DATA SECTION:
■ ■ ■

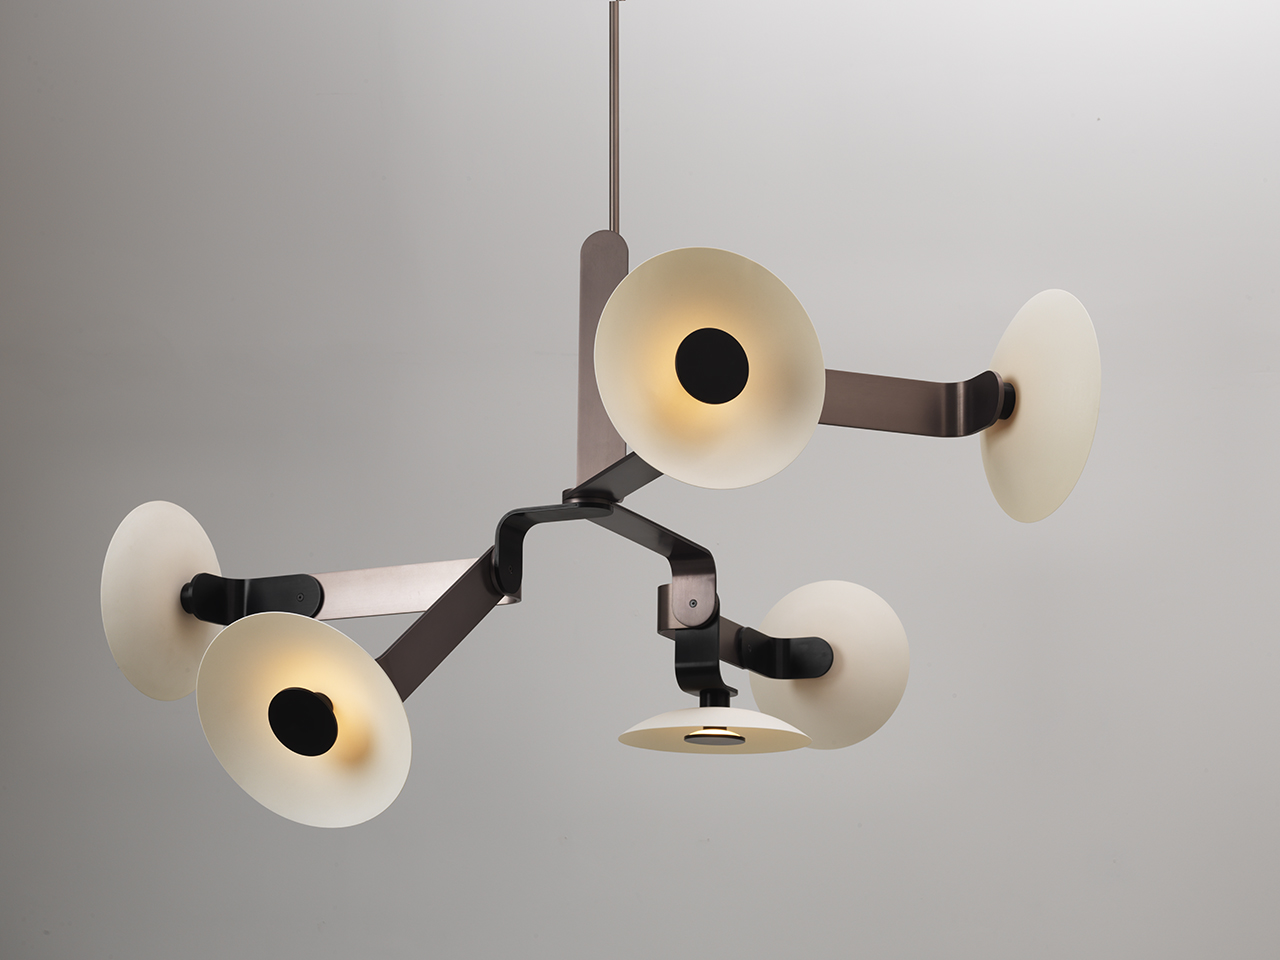 James Dieter Releases a Collection of Graphic Light Fixtures
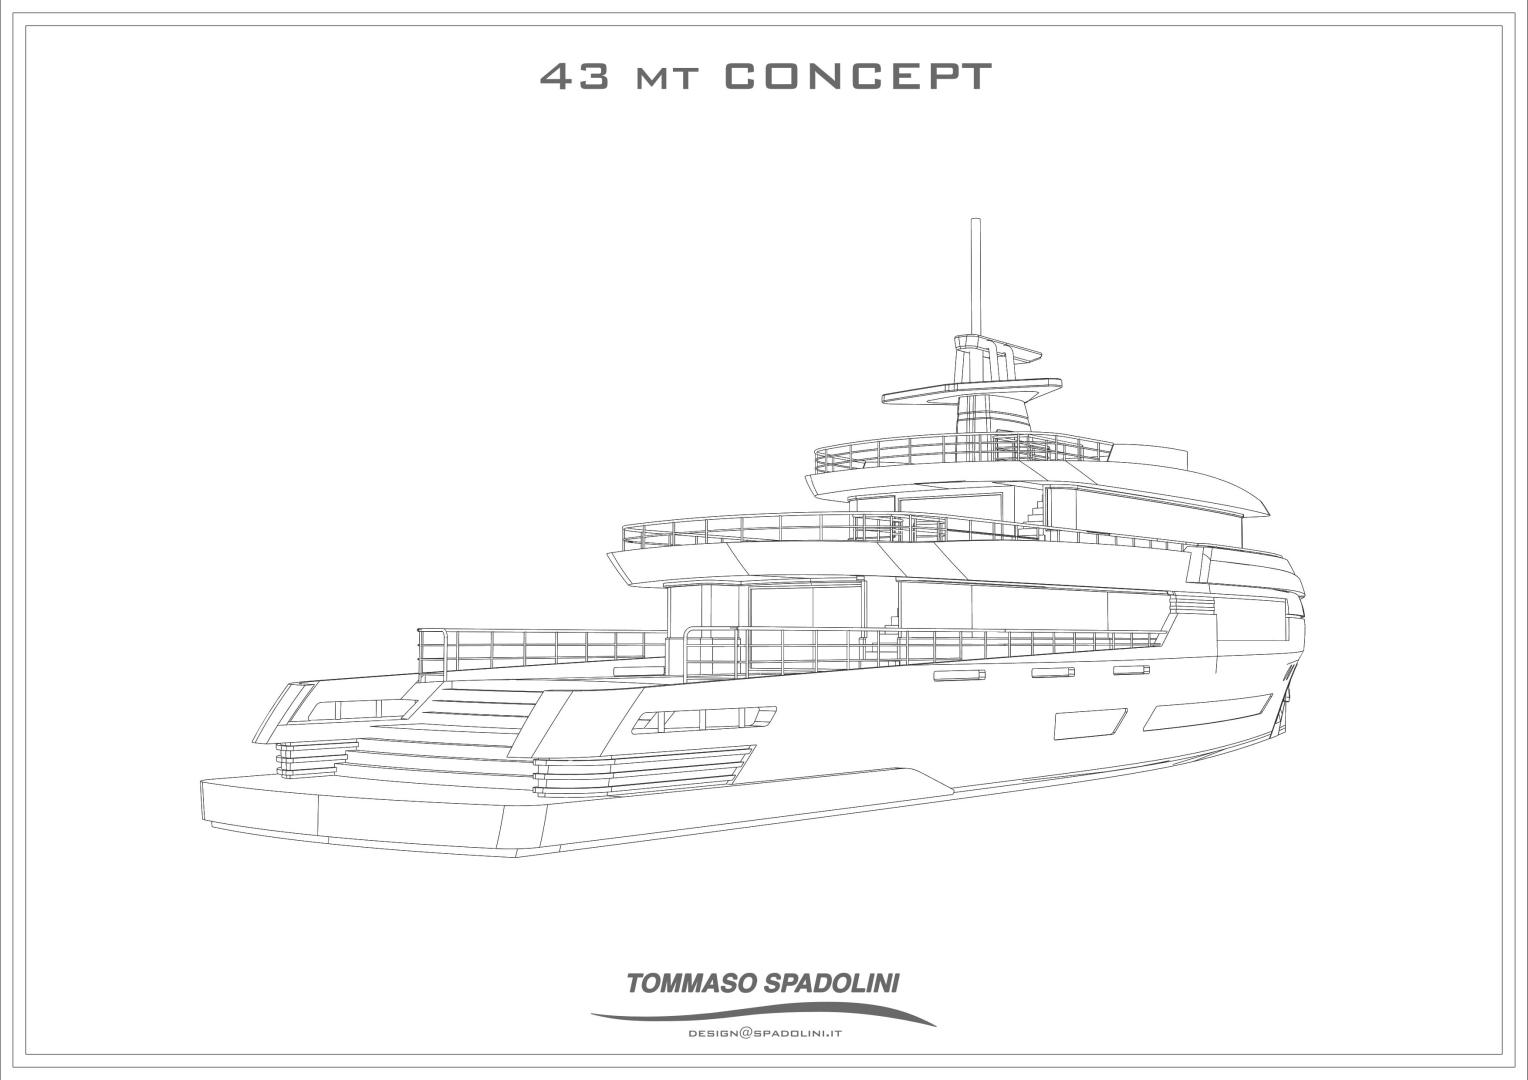 Spadolini reveals a new design project for an experienced owner
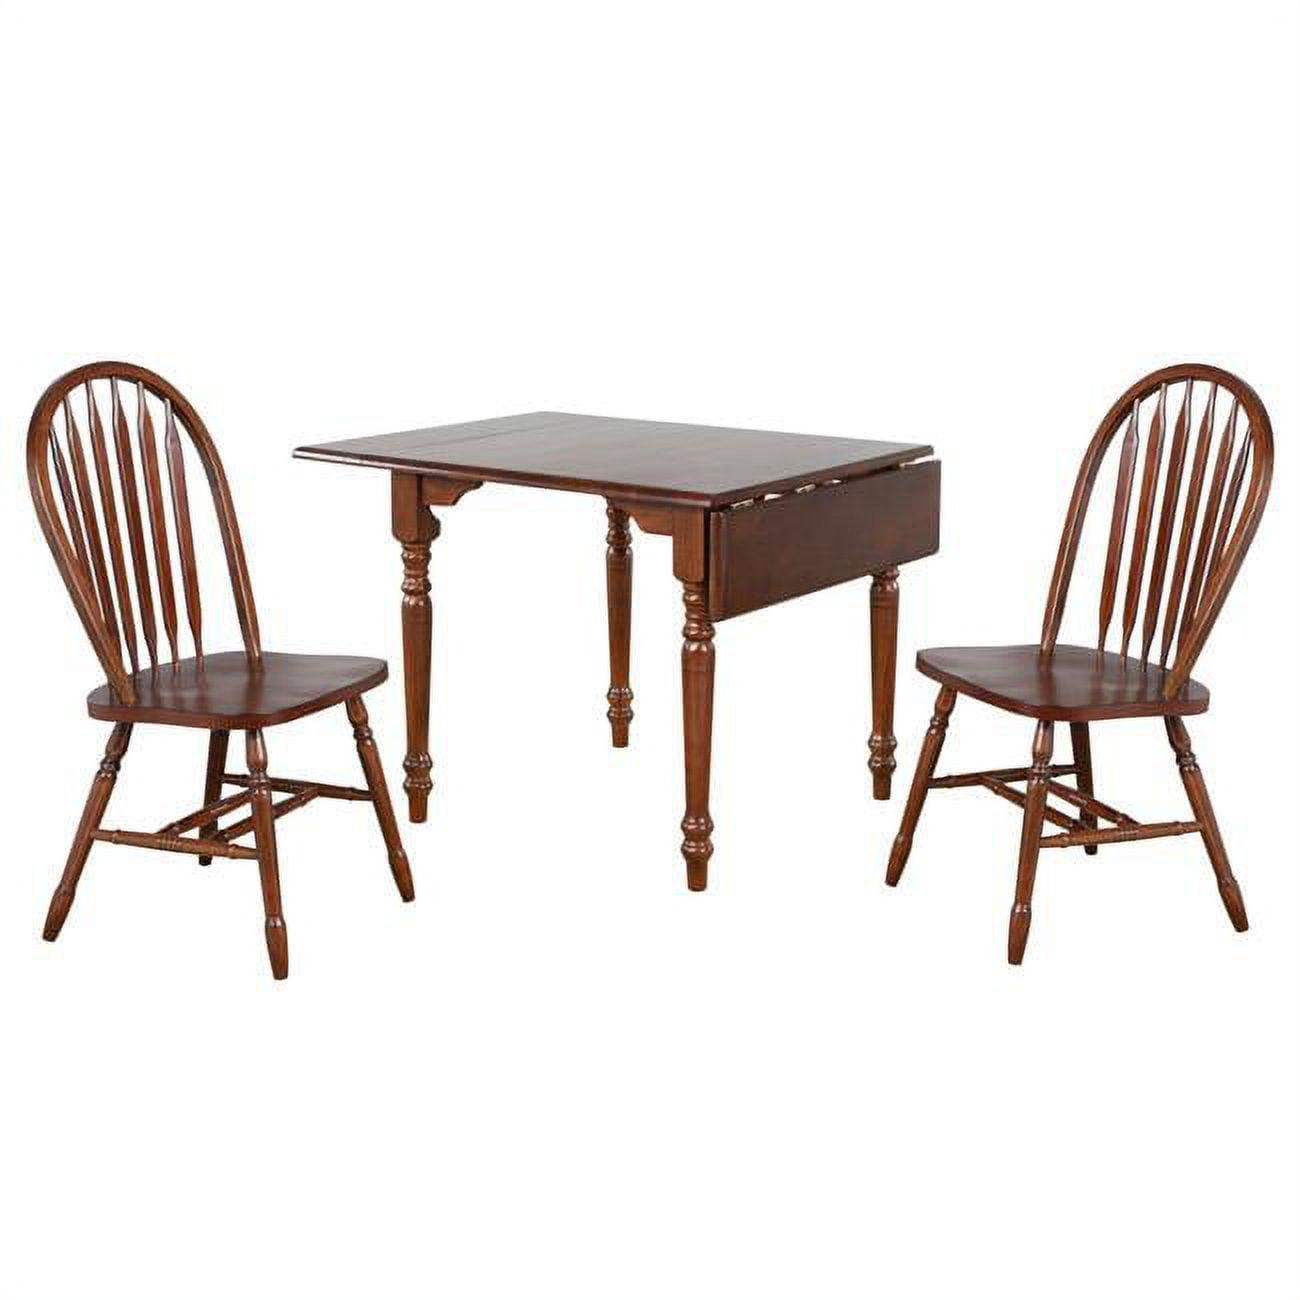 Cottage Charm Chestnut Brown Wood Dining Set with 2 Chairs
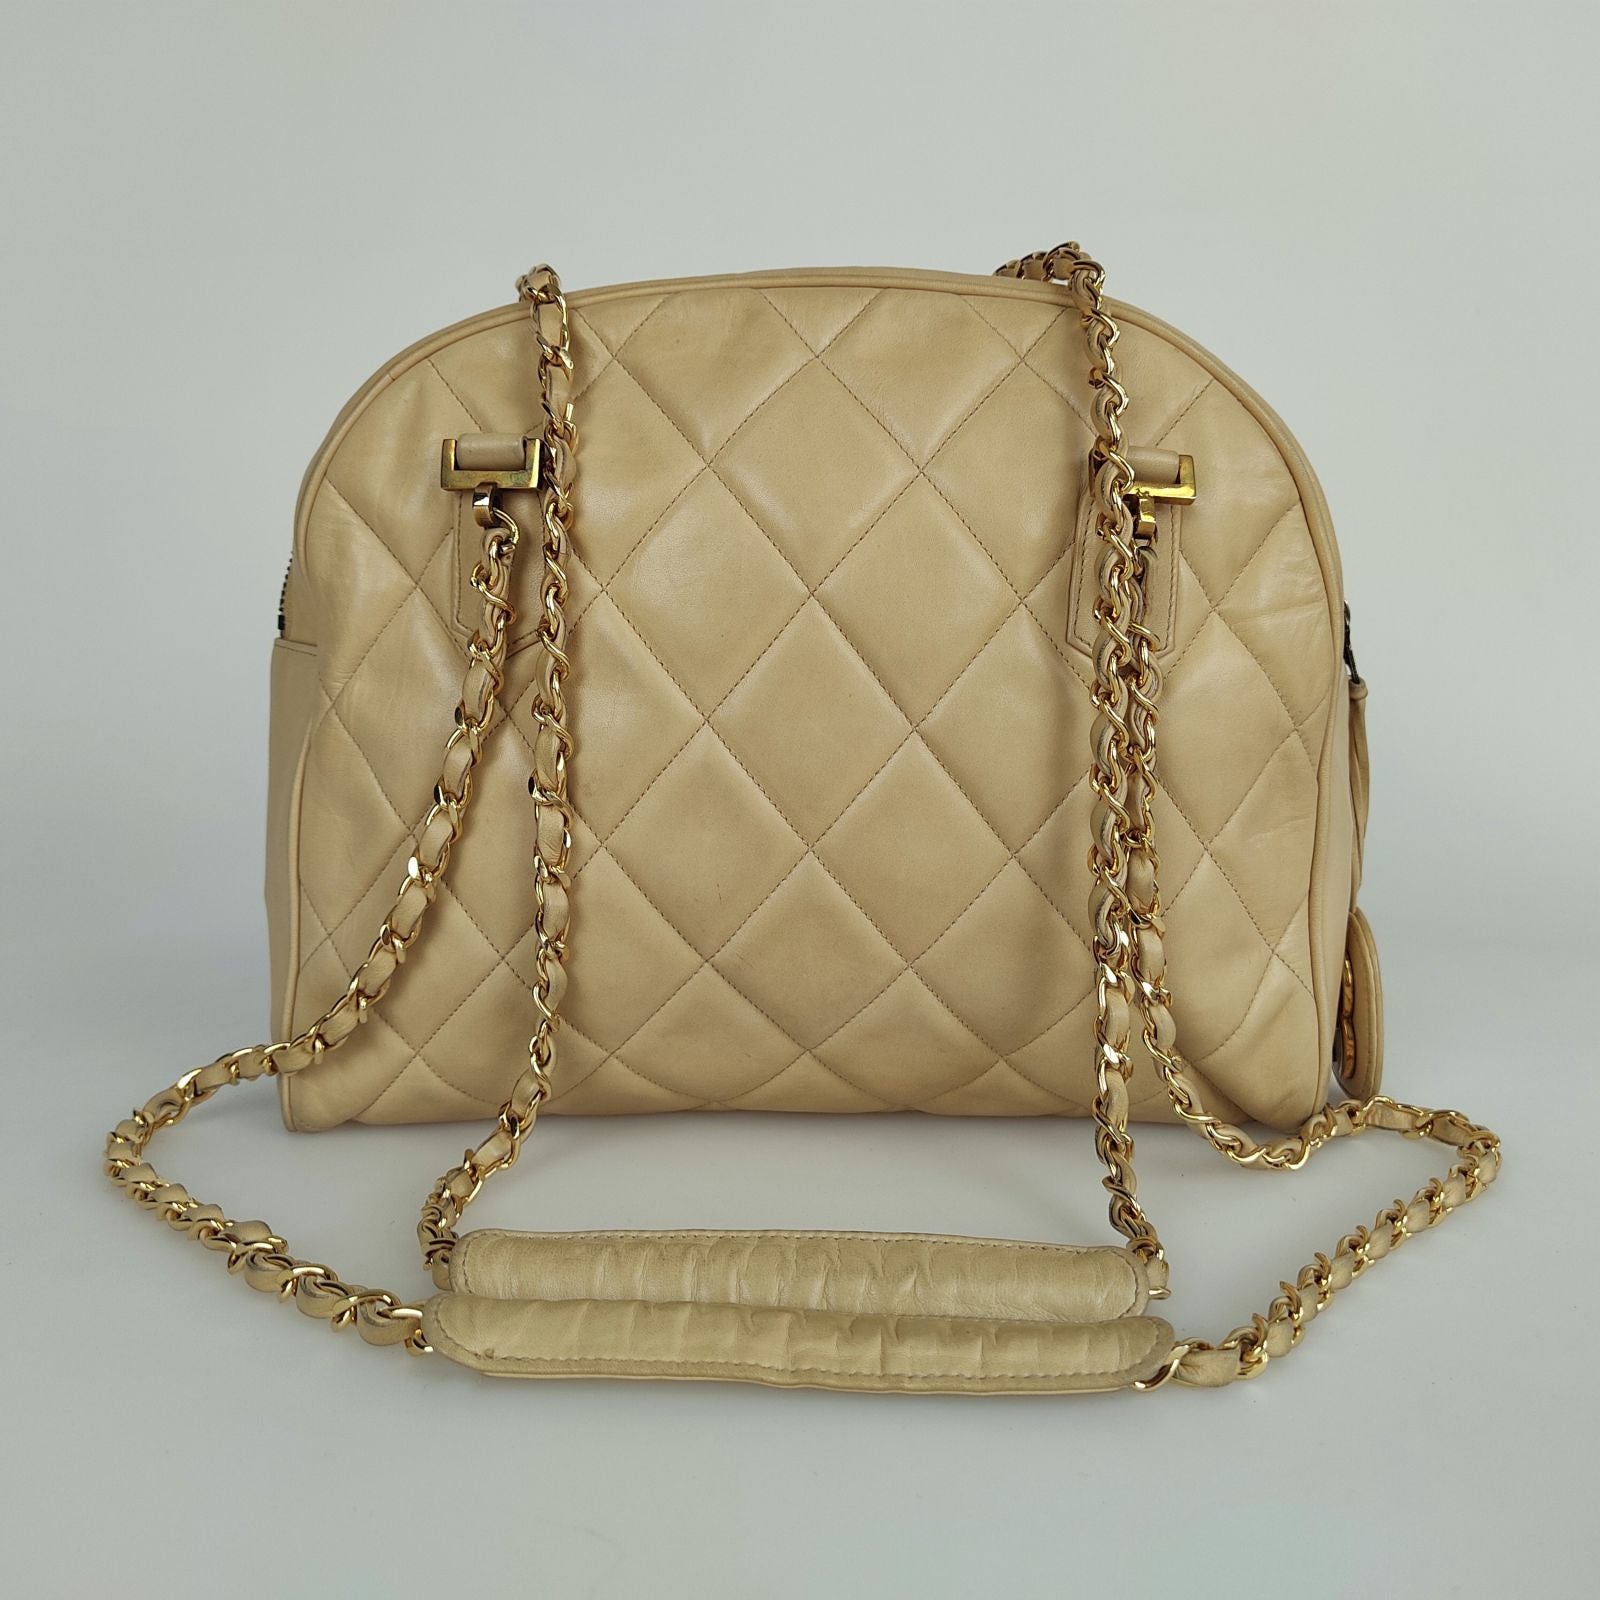 CHANEL shoulder bag in beige matelasse leather from the 80s

■ ■ ■

YOUR GOAL: What you give back should be the full material above, retyped exactly, with every image removed.

FINISHED EXERCISE:
 James Dieter Releases a Collection of Graphic Light Fixtures
 Spadolini reveals a new design project for an experienced owner
 Cottage Charm Chestnut Brown Wood Dining Set with 2 Chairs
 CHANEL shoulder bag in beige matelasse leather from the 80s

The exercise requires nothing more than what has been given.